◆ **Given information**:
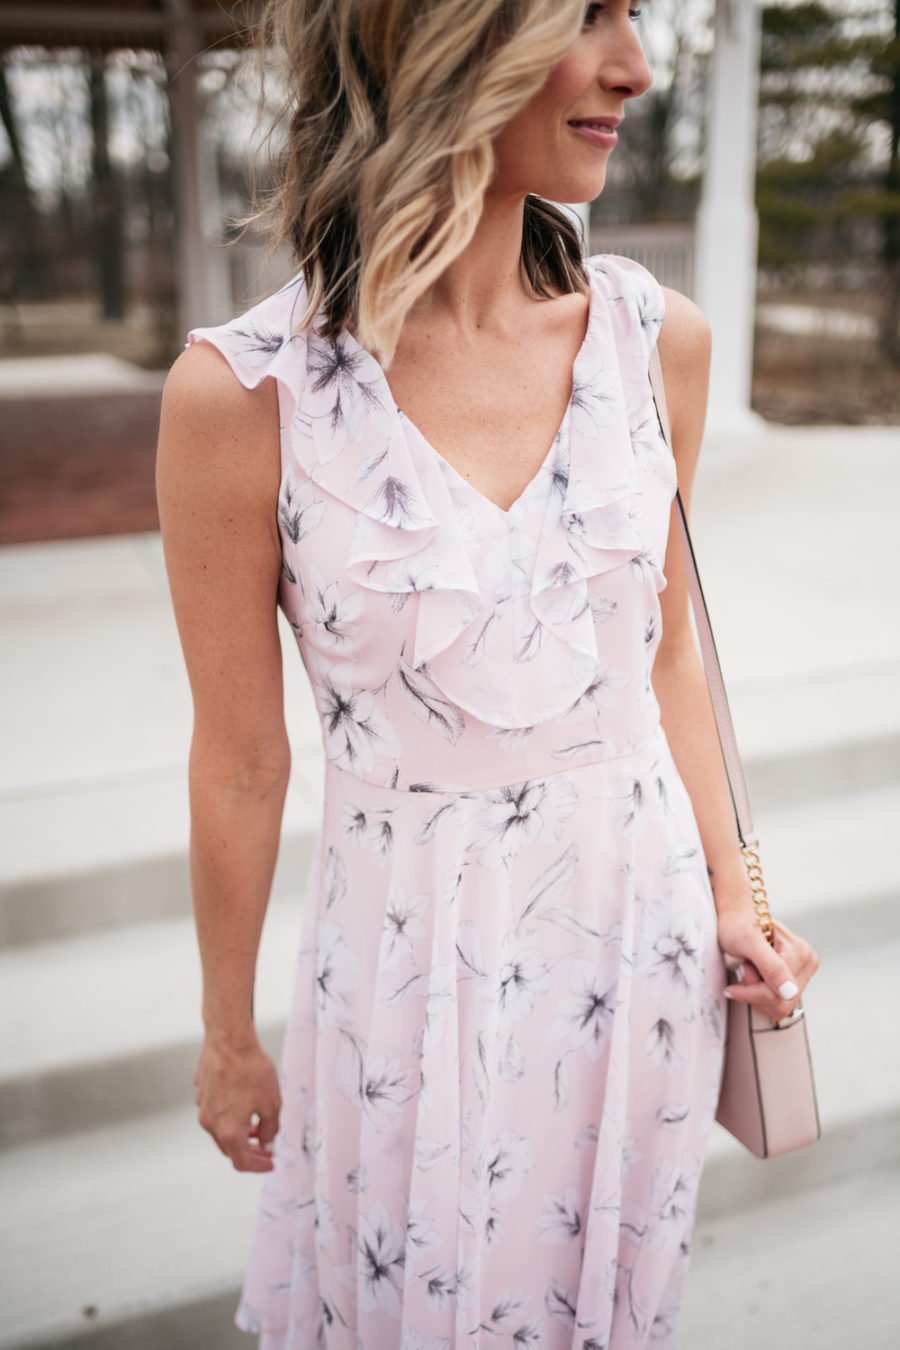 Purple floral party dress, nude strappy heels, cross body bag
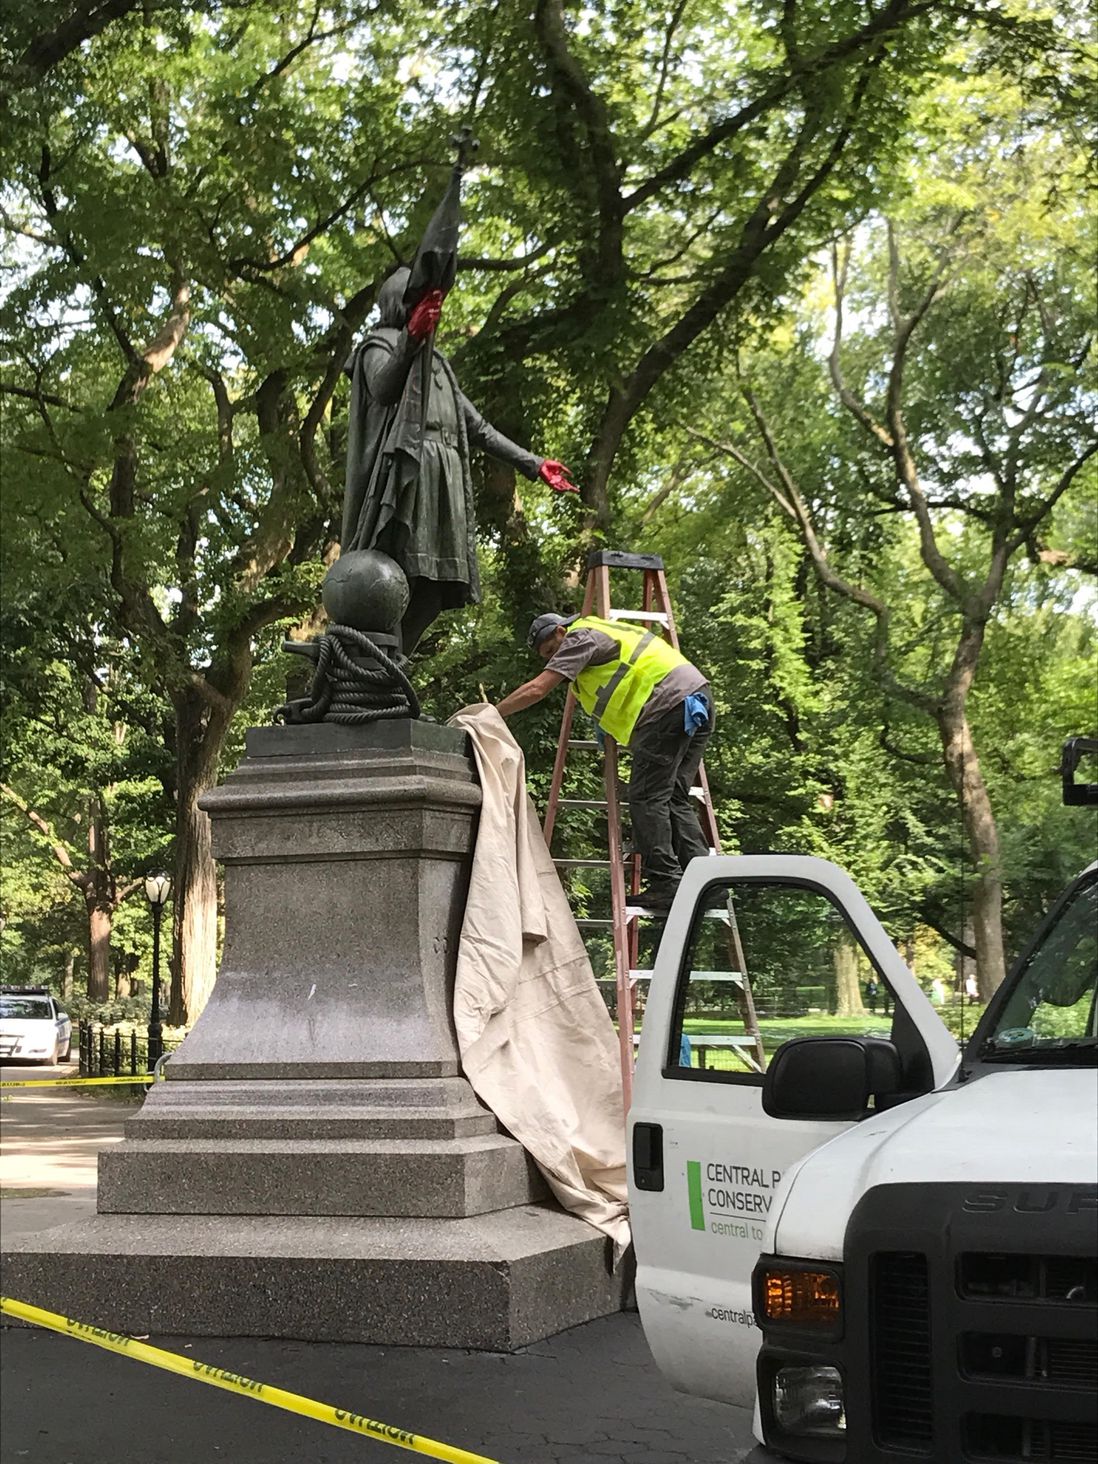 The statue is now being covered (Danielle Barnes / DNAinfo)
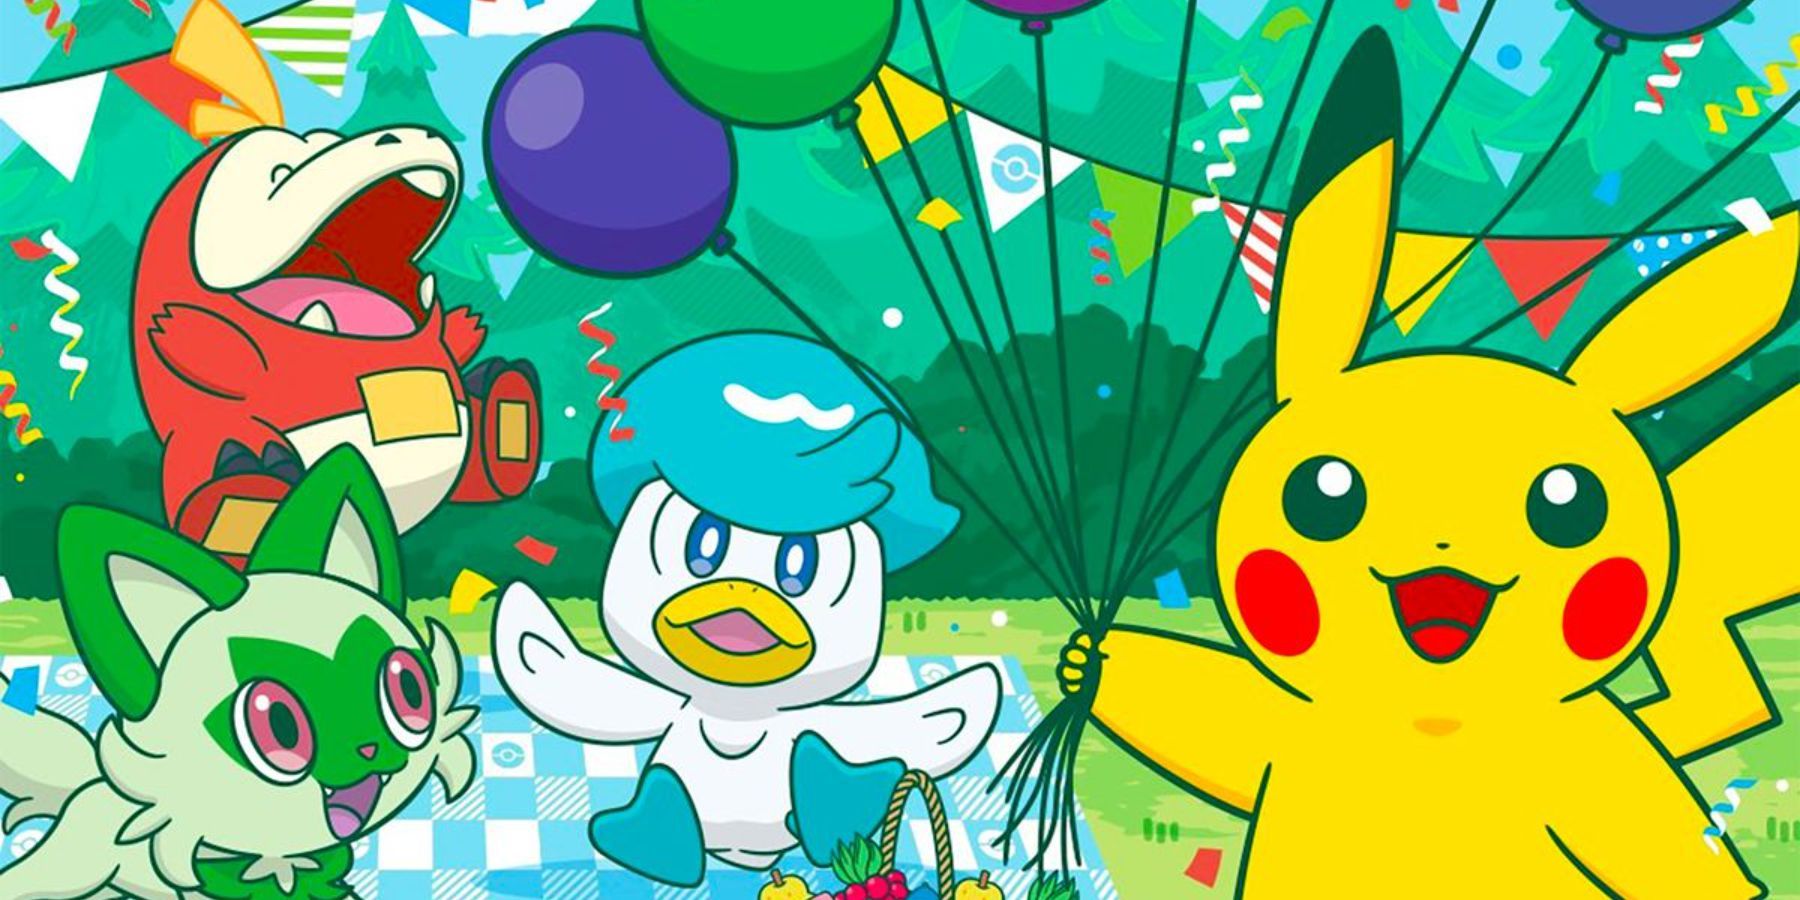 What to Expect From the Rumored August Pokemon Presents

◆ **Problem to work on**:
What you return must match the material above exactly, minus its pictures.

◆ **Task result**:
 Purple floral party dress, nude strappy heels, cross body bag
 The statue is now being covered (Danielle Barnes / DNAinfo)
 What to Expect From the Rumored August Pokemon Presents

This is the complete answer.